Exercise prompt ▸ In this exercise, return the whole listing exactly, excluding any images.

Dataset extract ▸

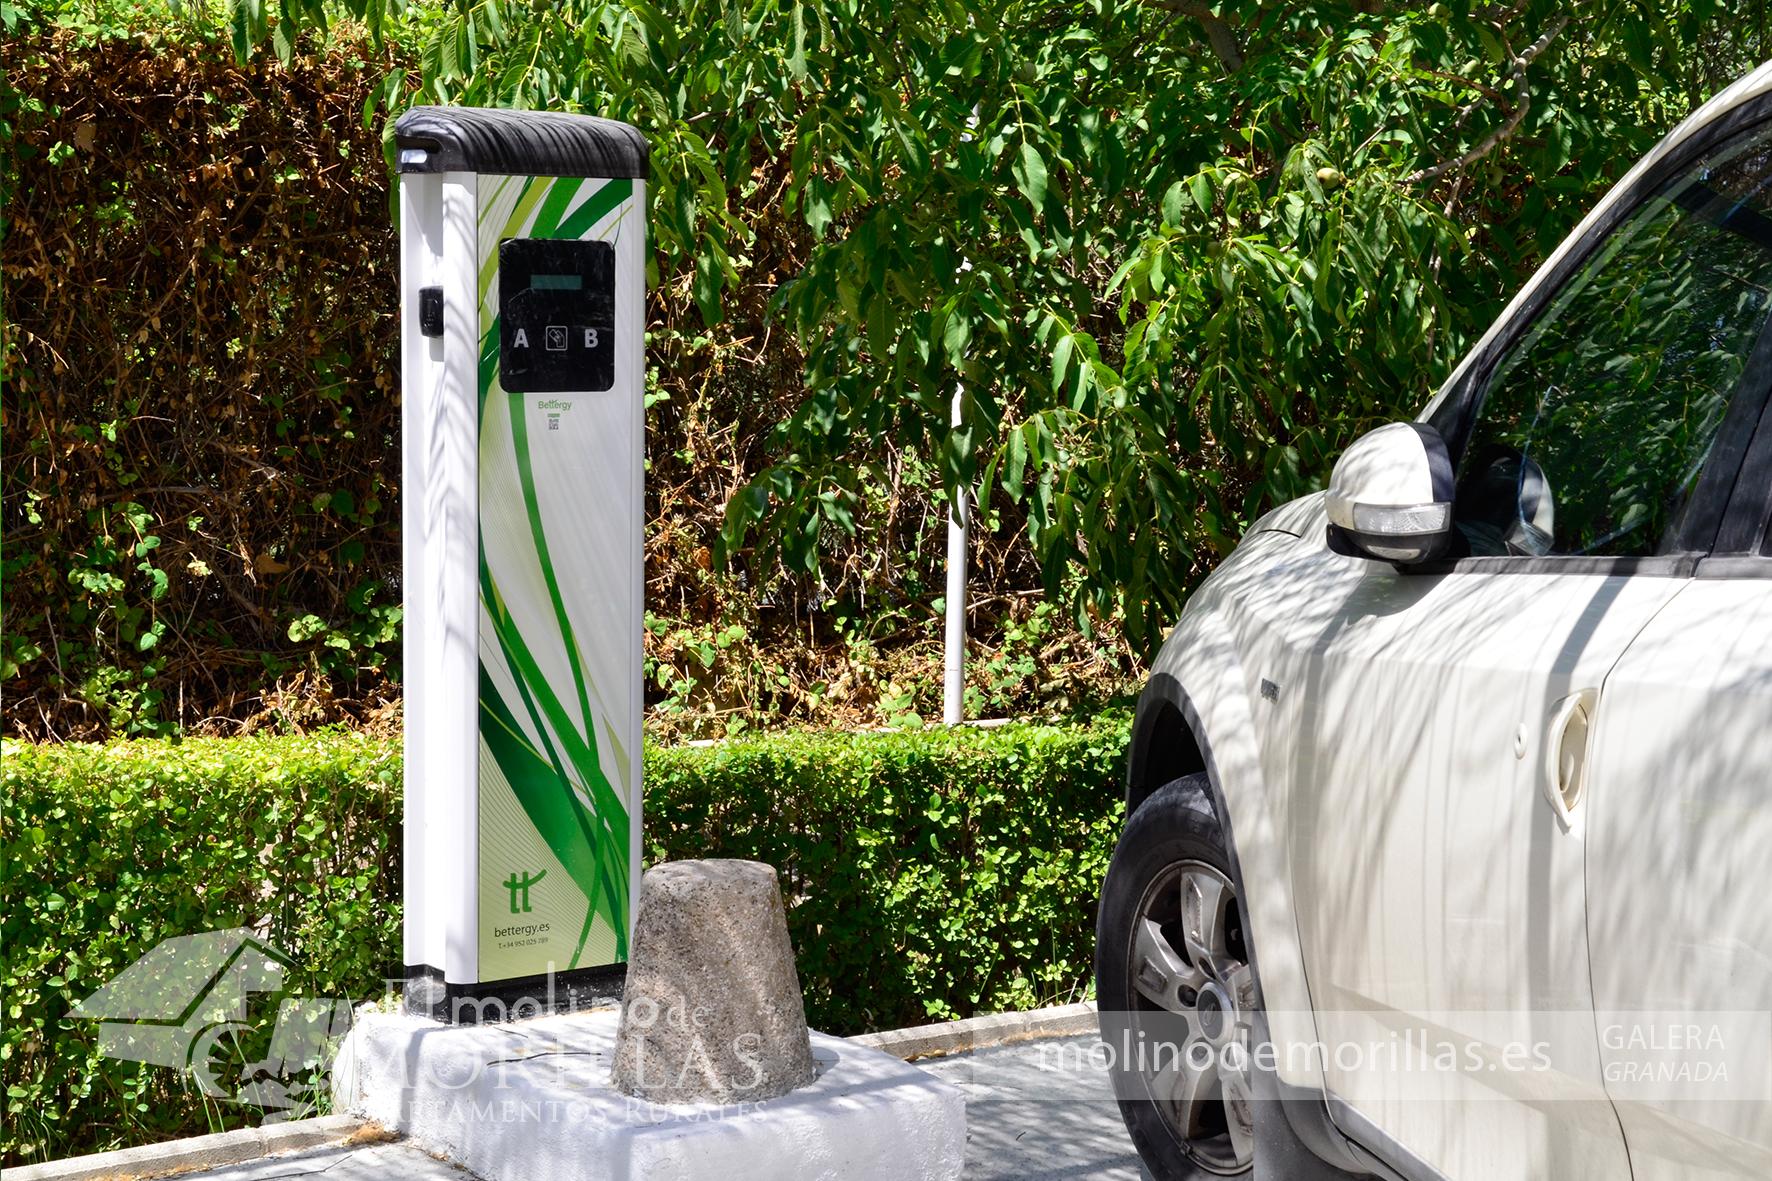 Punto recarga para vehículos eléctricos
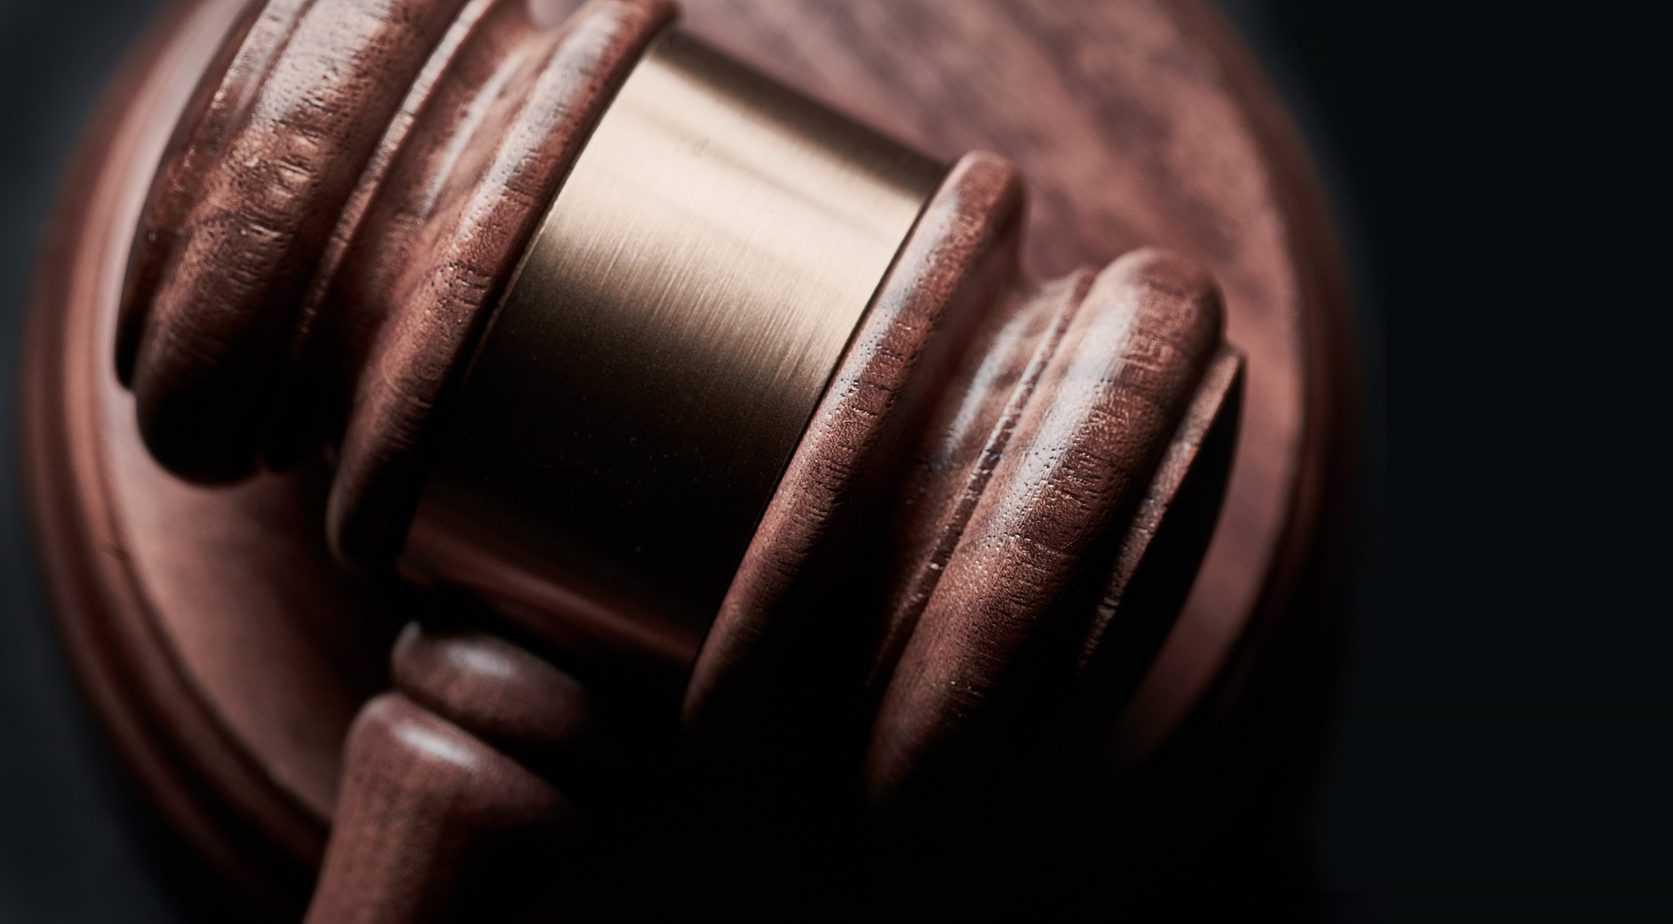 Ways to Afford Legal Help
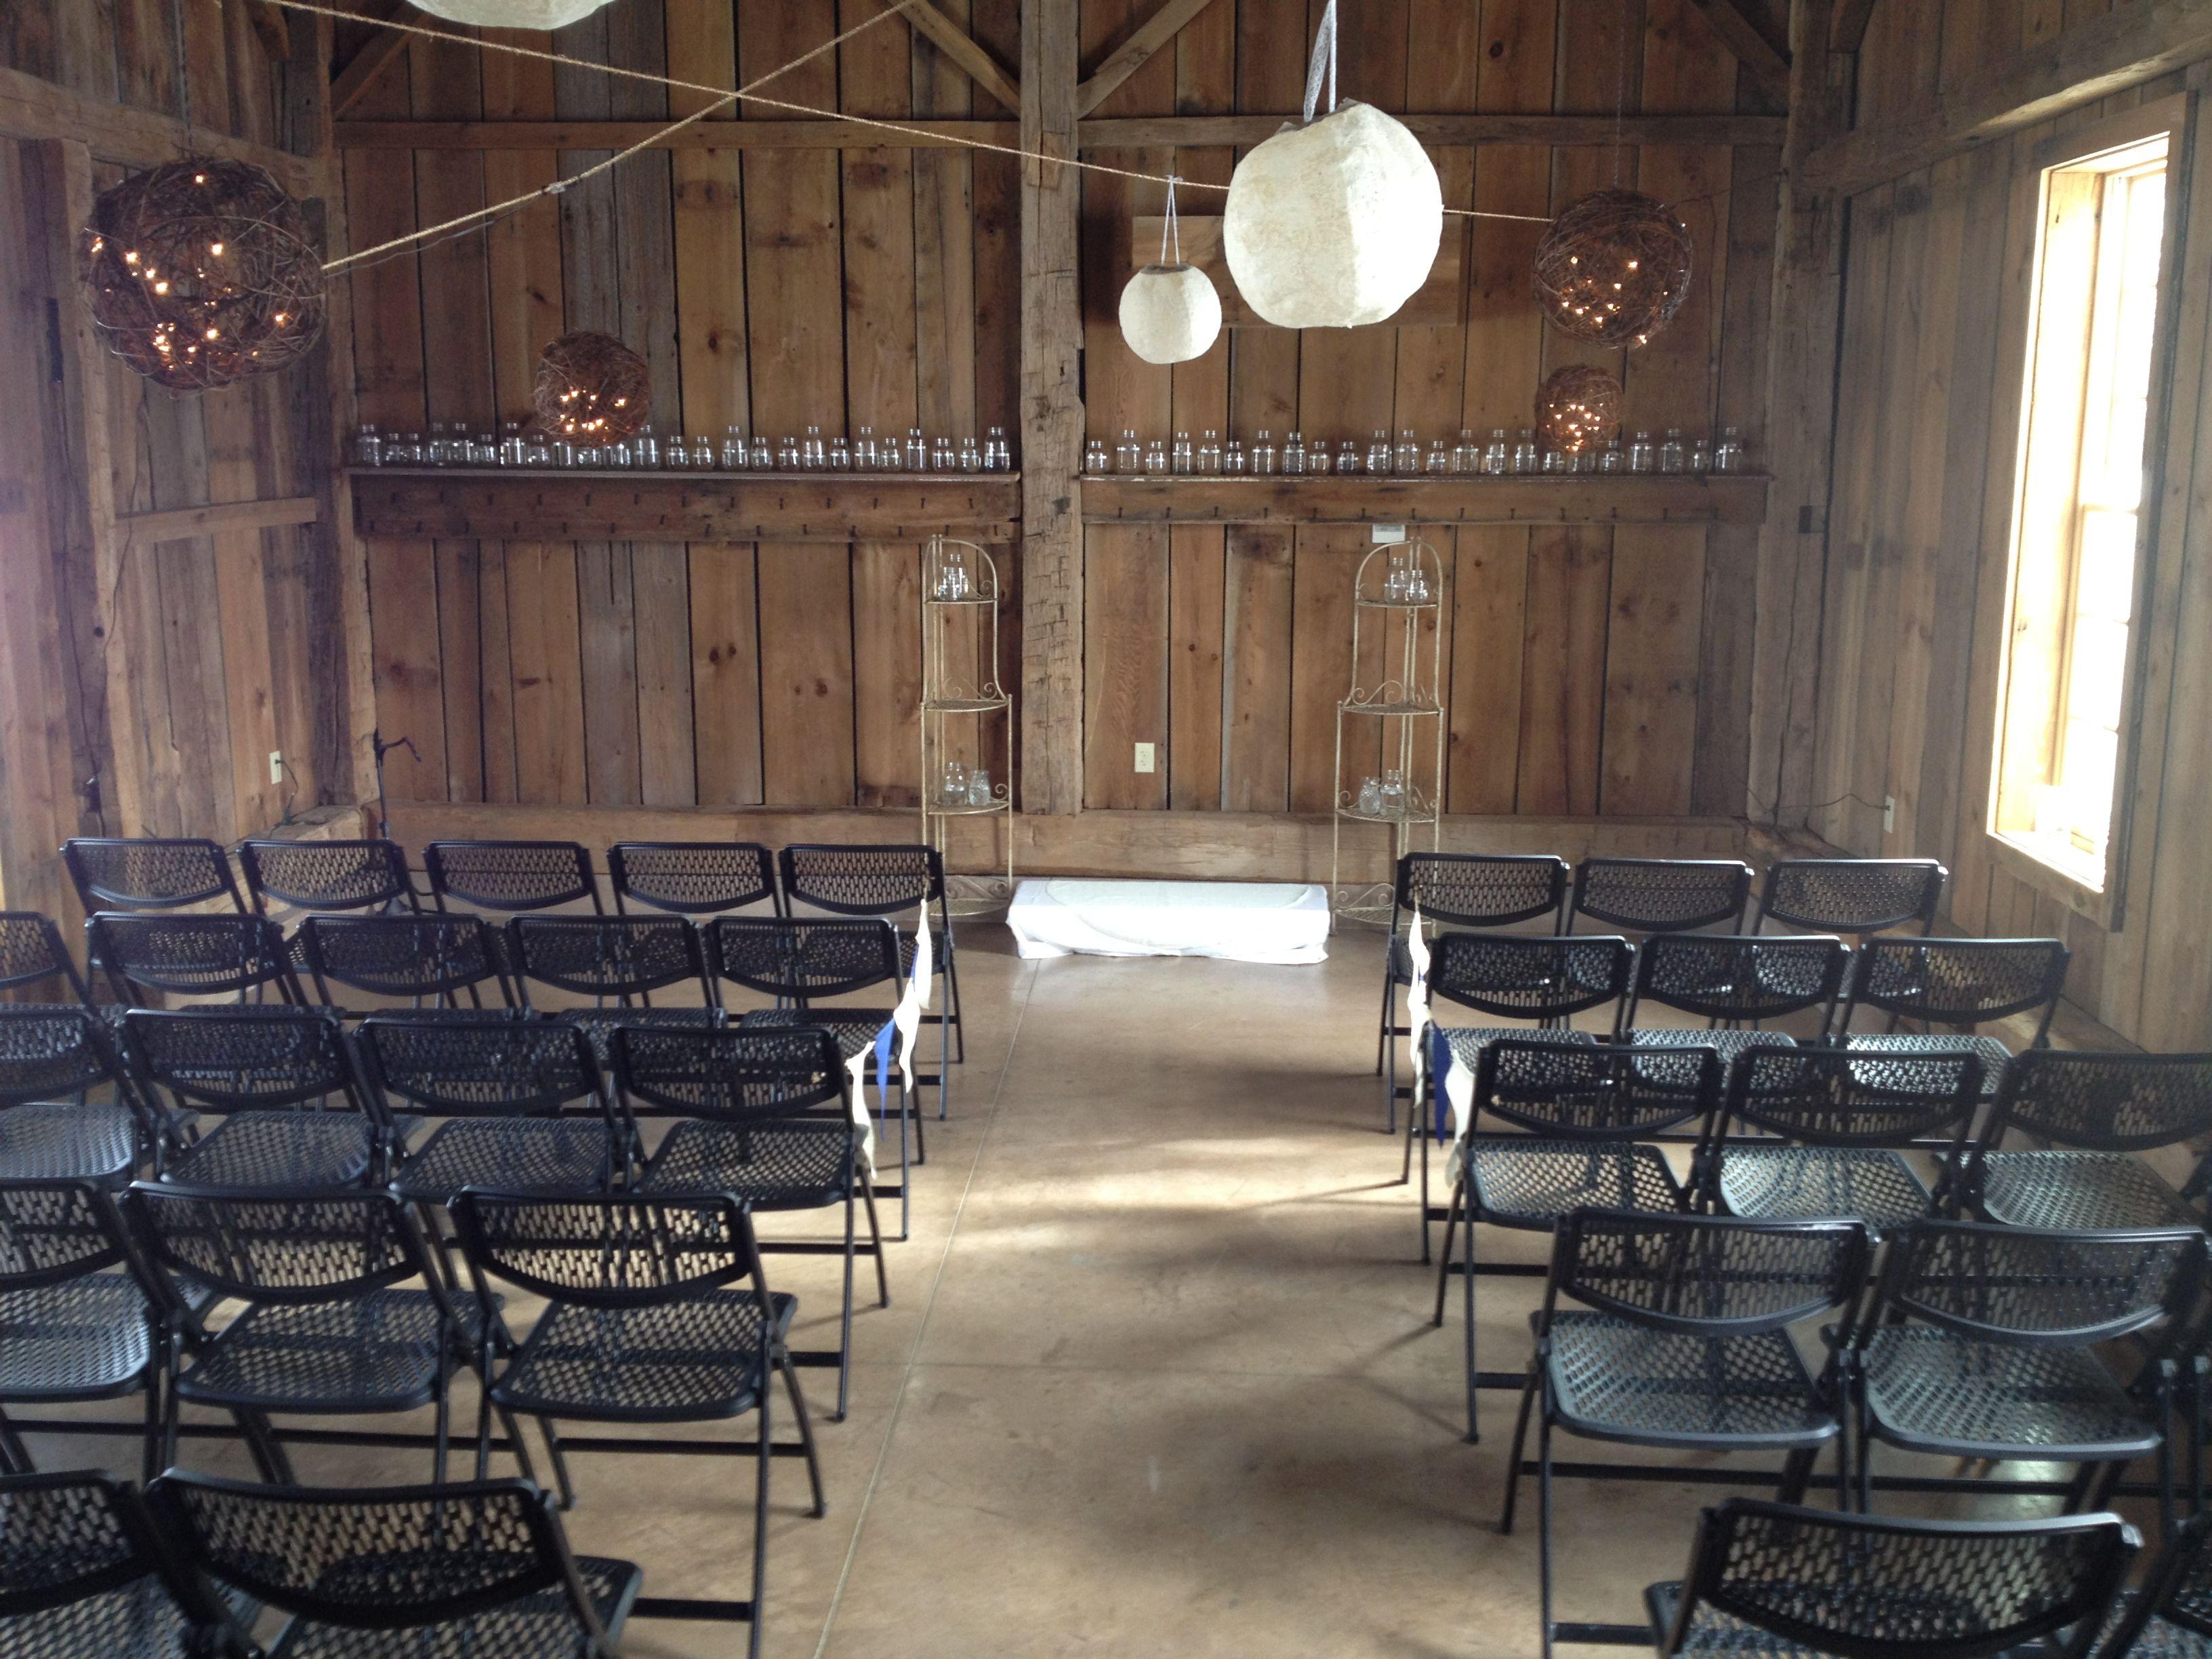 An Indoor Rustic Ceremony: Rustic Indoor Wedding Ceremony At The Amelita Mirolo Barn

Response to the task ▸
 Punto recarga para vehículos eléctricos
 Ways to Afford Legal Help
 An Indoor Rustic Ceremony: Rustic Indoor Wedding Ceremony At The Amelita Mirolo Barn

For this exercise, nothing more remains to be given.